Suppose P is define as Pth element of A matches with Pth element of B.
Then we have to find N(P1` P2` P3`) i.e none of the Pth element of A matches with Pth element of B
According to inclusion exclusion principle
N(P1`P2`P3`) = N - [N(P1) + N(P2) + N(P3)] + [N(P1P2) + N(P1P3) + N(P2P3)] - [N(P1P2P3)]
N = Total number of injective funtion possible..
For above case |A| = 3 and |B| = 5, So N = 5 x 4 x 3 = 60
N(P1) = Total number of injective function such that first element of A matches with first element of B.
So N(P1) = 4 x 3 = 12
For N(P2), N(P3), we are going to get same result.

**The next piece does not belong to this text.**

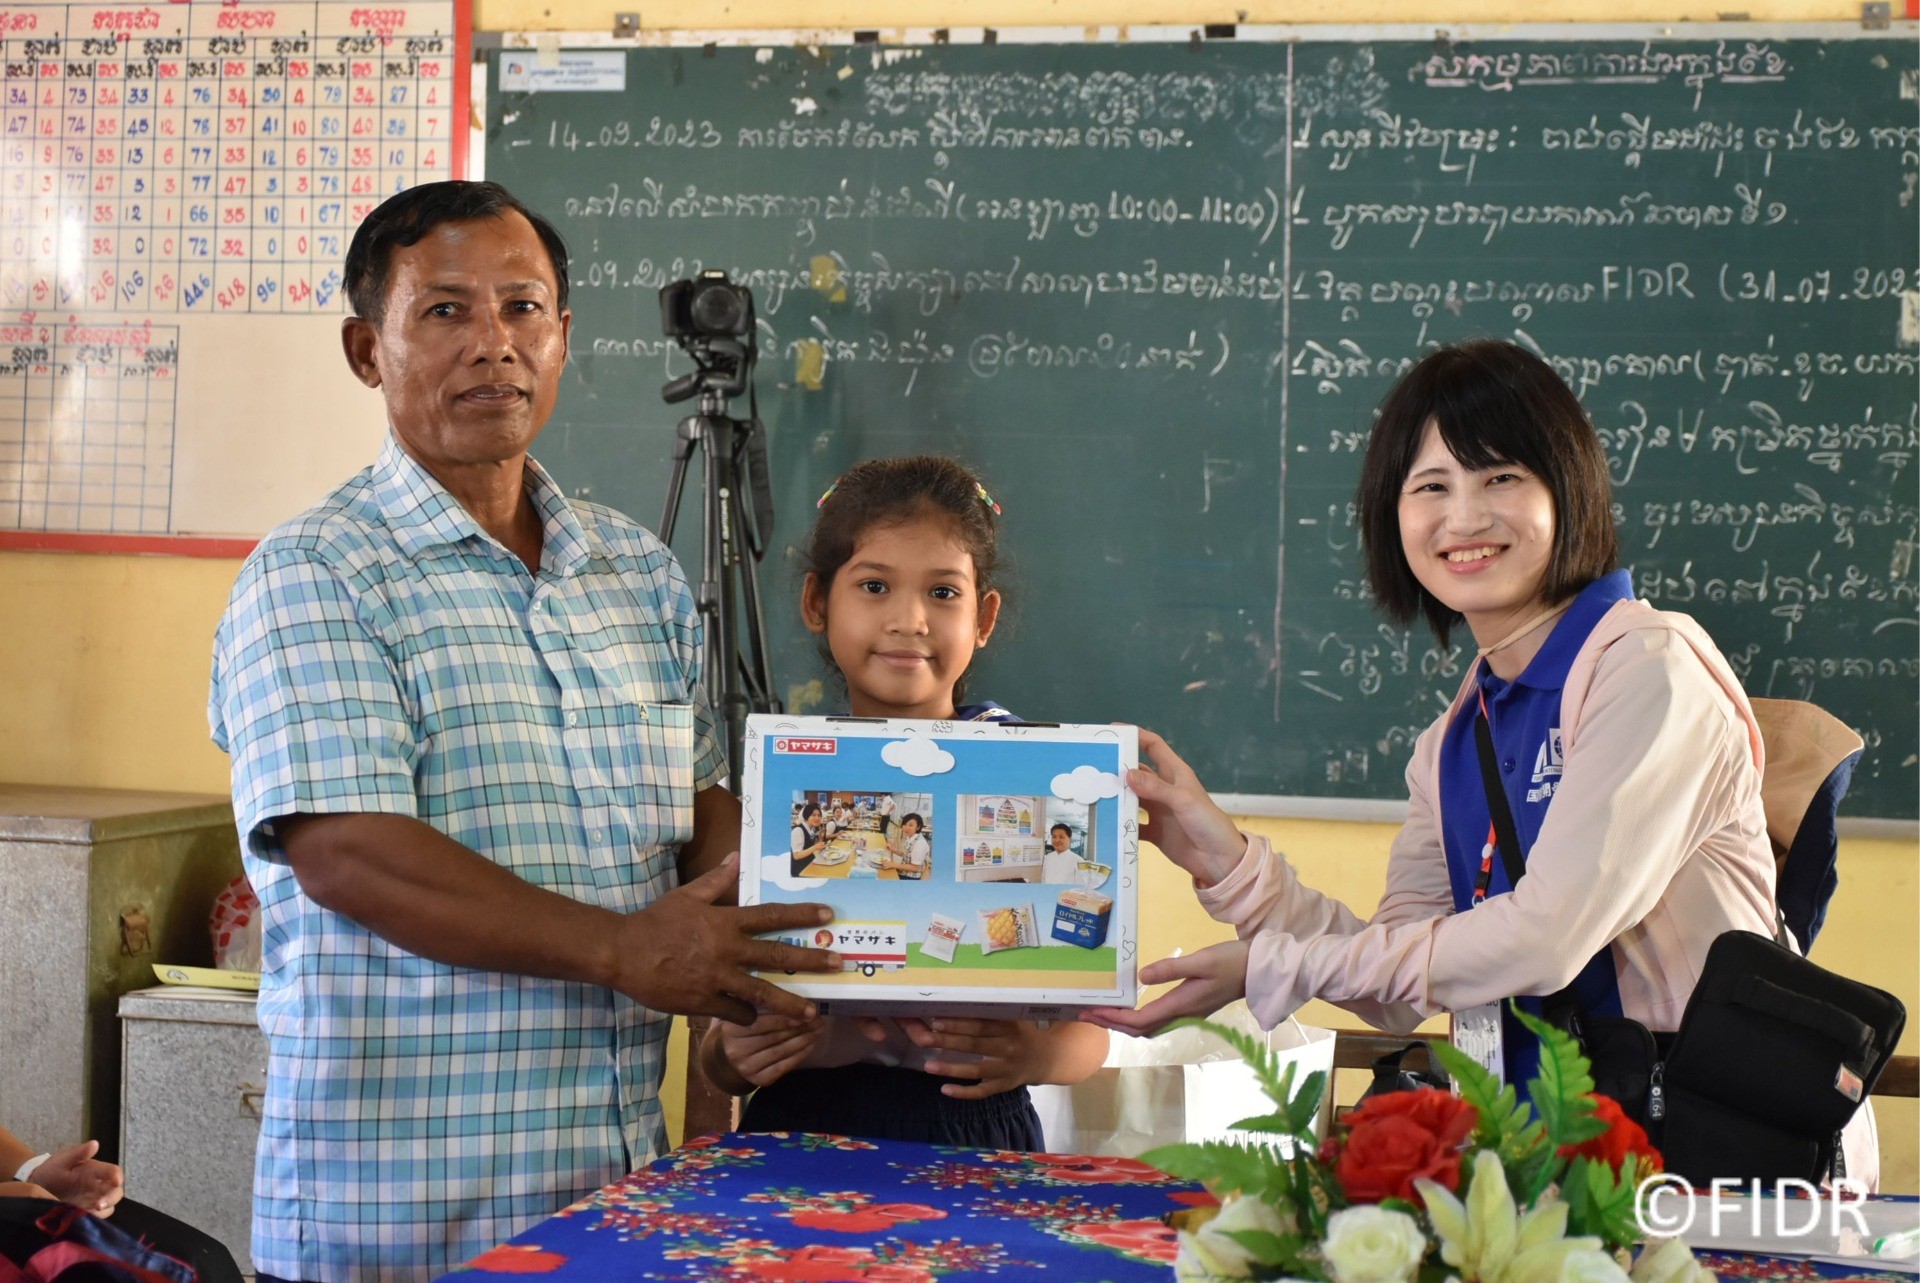 カンボジアの学校へ 支援者の皆様のメッセージを届けました

N(P1P2) = Total number of injective function such that first two element of A matches with first two element of B
So N(P1P2) = 3
For N(P1P3) & N(P2P3), we are going to get same result.
N(P1P2P3) = Total number of injective function such that all three element of A matches with first three element of B
So N(P1P2P3) = 1
Therefore N(P1`P2`P3`) = 60 - [12 + 12 + 12] + [3 + 3 + 3] - [1] = 60 - 36 + 9 -1 = 32
So 32 is correct answer.